Study Finds Drinking Water Prevents Heart Failure: Here’s How Much You Should Be Drinking

Doctor KIZ May 20, 2021
It’s 2021 and you don’t need us to remind you that you need to be drinking water. We’re practically primed from preschool to be guzzling H2O, but admittedly some people find it more challenging than others. While there are those who seem to take a swig from their Yeti bottle with practically every breath, carrying around a cumbersome 2L bottle just to rub their hydrating prowess in the faces of all those who aren’t hydrating properly, others have what can only be described as the drinking style of a camel. If you consider yourself part of the latter group, it’s time to start doubling down on your water intake. As it turns out, it’s not just important for hydration, it can also prevent heart failure. 

According to a large long-term study from the European Society of Cardiology, drinking too little water on a daily basis triggers changes in your body that raise your risk of heart failure. It’s recommended that we need three litres of water per day. Fall short of this frequently, and it can begin to add up for your heart health. When you don’t take in enough water over the long term, the concentration of sodium in your body gets too high, which then activates physiological processes that can lead to heart failure. 

According to study author Dr Natalia Dmitrieva of the National Heart, Lung, and Blood Institute, “Our study suggests that maintaining good hydration can prevent or at least slow down the changes within the heart that lead to heart failure.” She adds, “The findings indicate that we need to pay attention to the amount of fluid we consume every day and take action if we find that we drink too little.”

For the study, 15,792 adults between the ages of 44 and 66 were examined and evaluated during five visits over a 25-year period. At the evaluations, researchers analysed hydration status measured by serum sodium - when people drink less fluid, the concentration of serum sodium increases - and whether a high concentration predicts the development of heart failure. Researchers also wanted to examine whether there was a correlation between hydration levels and the thickening of the heart’s main pumping chamber (known as left ventricular hypertrophy) which, if existent, would serve as a precursor to heart failure. To do so, participants were divided into four groups based on their average serum sodium concentration during the first two visits, and by the final visit, researchers assessed the proportion of people who developed heart failure and left ventricular hypertrophy. 

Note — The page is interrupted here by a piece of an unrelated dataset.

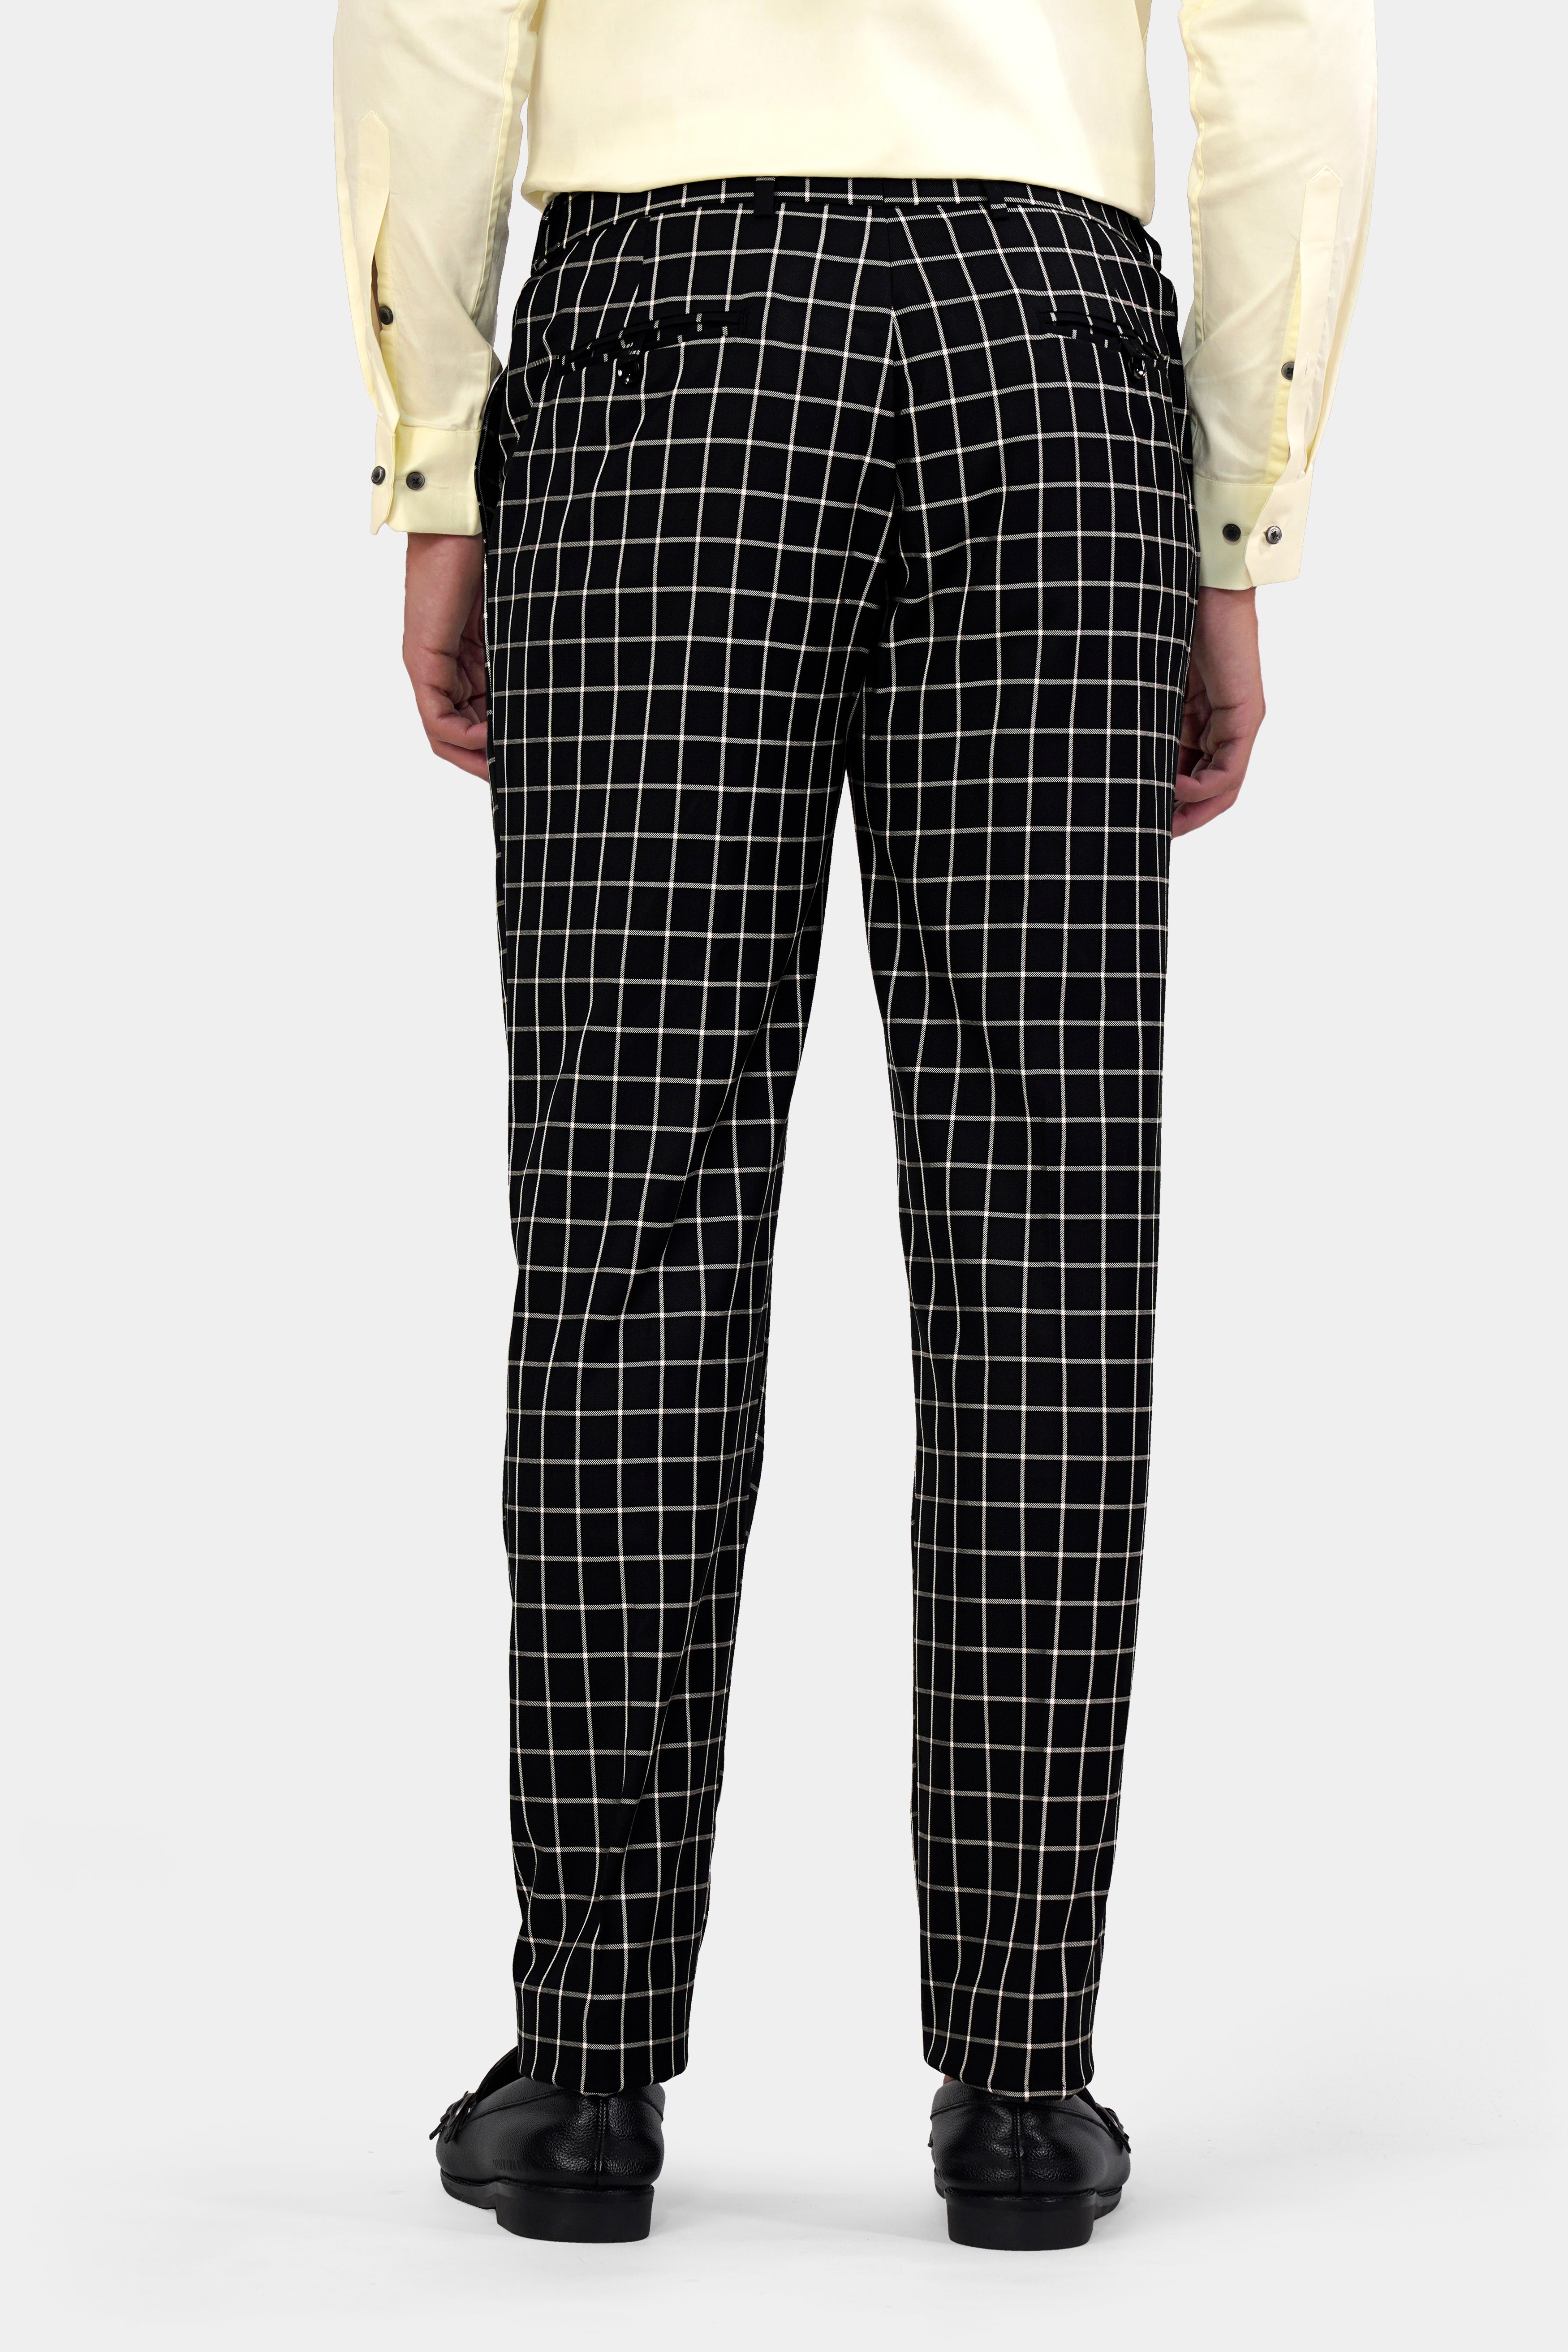 Jade Black and White Checkered Wool Rich Stretchable Pant T2932-SW-28, T2932-SW-30, T2932-SW-32, T2932-SW-34, T2932-SW-36, T2932-SW-38, T2932-SW-40, T2932-SW-42, T2932-SW-44
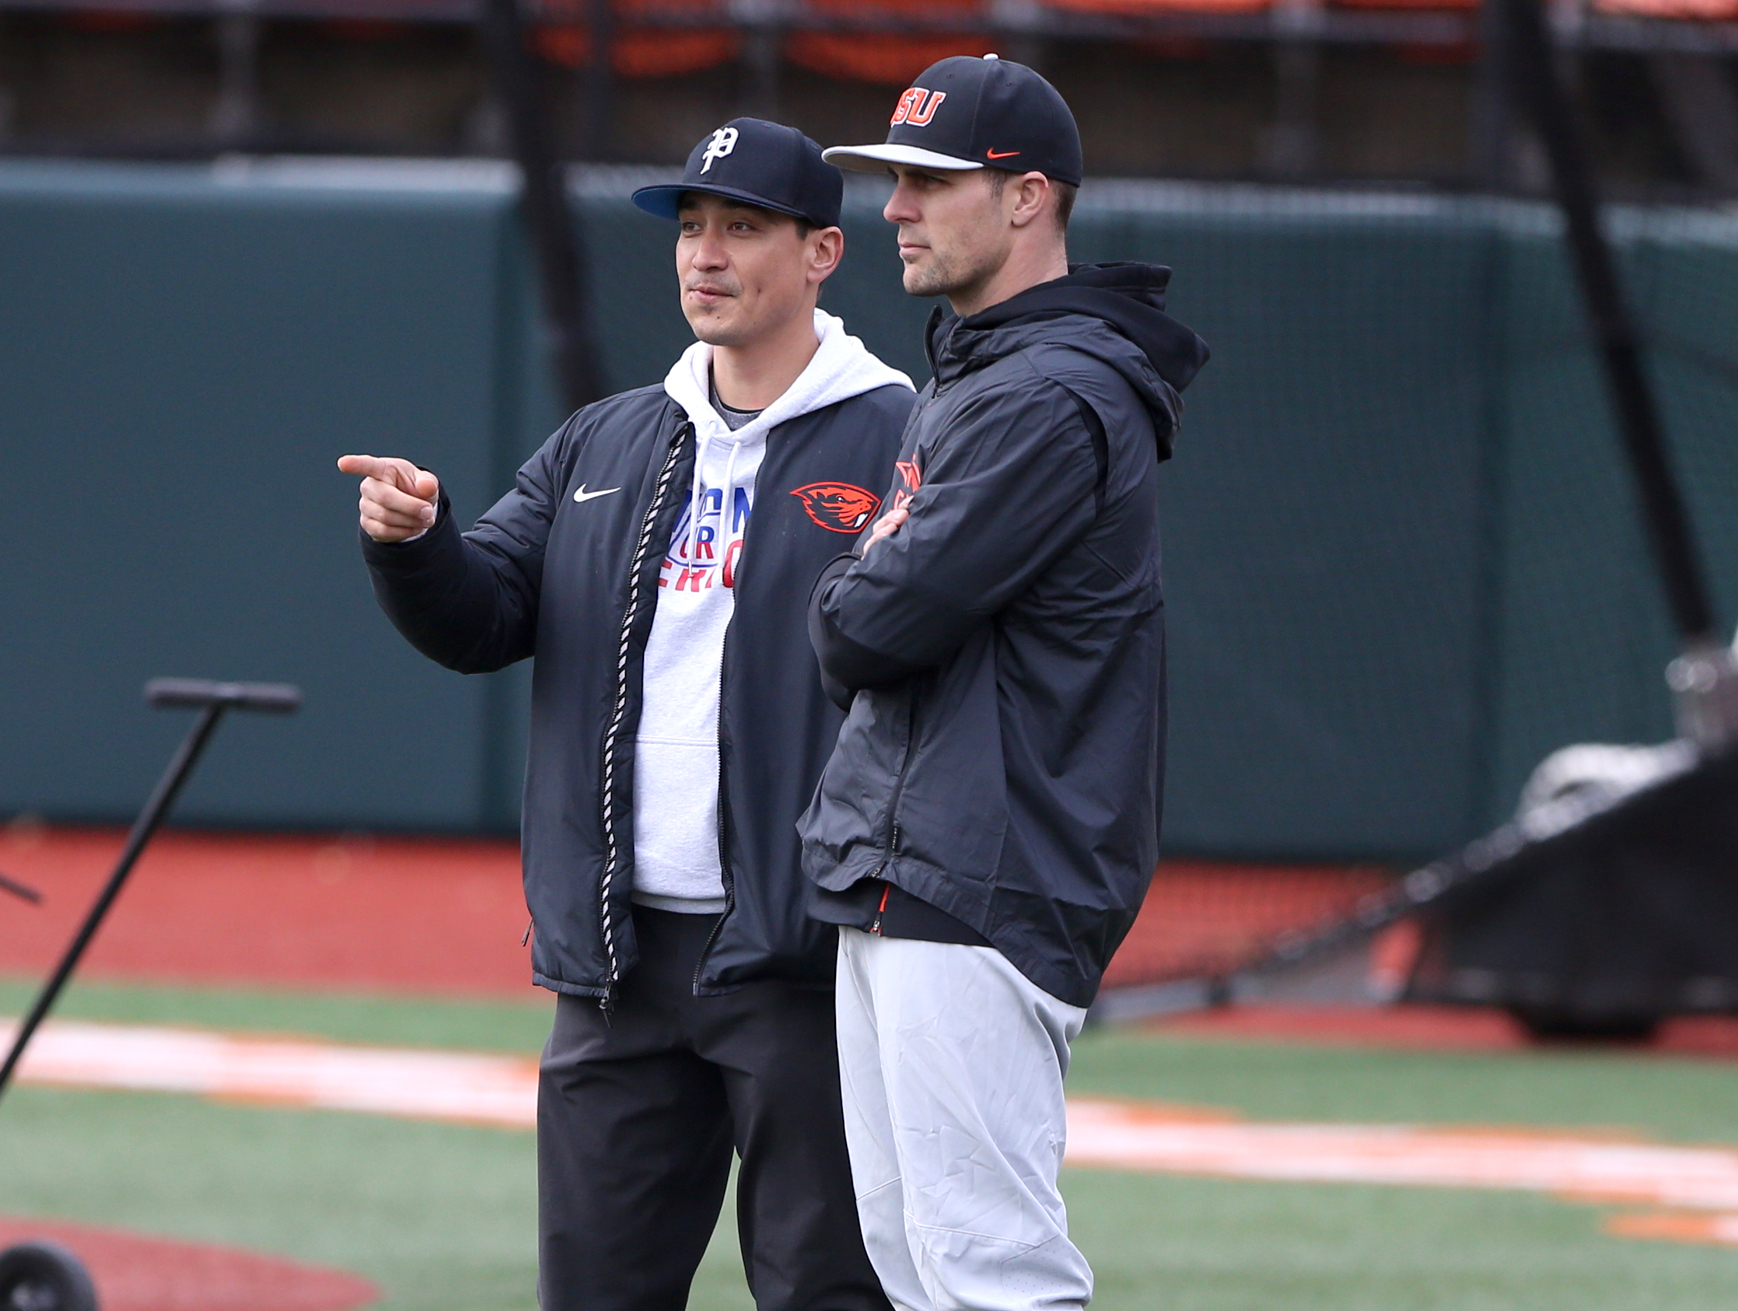 Former Oregon State baseball great Darwin Barney tabbed for role as  Beavers' volunteer assistant coach, camp coordinator

The study revealed that the higher a person’s serum sodium concentration in midlife, the more likely they were to develop heart failure or left ventricular hypertrophy in their golden years. The key takeaway though, you need to be drinking water consistently. Suddenly downing gallons in a day to make up for lack of water in days prior isn’t going to do your body any good. 

“It is natural to think that hydration and serum sodium should change day to day depending on how much we drink on each day,” says Dr Dmitrieva. “However, serum sodium concentration remains within a narrow range over long periods, which is likely related to habitual fluid consumption.”

So, it’s time we start hitting that 3L benchmark for water. Or, you can be like The Rock, who says he consumes a staggering 18 litres each day. But hey, you’ve got to start somewhere.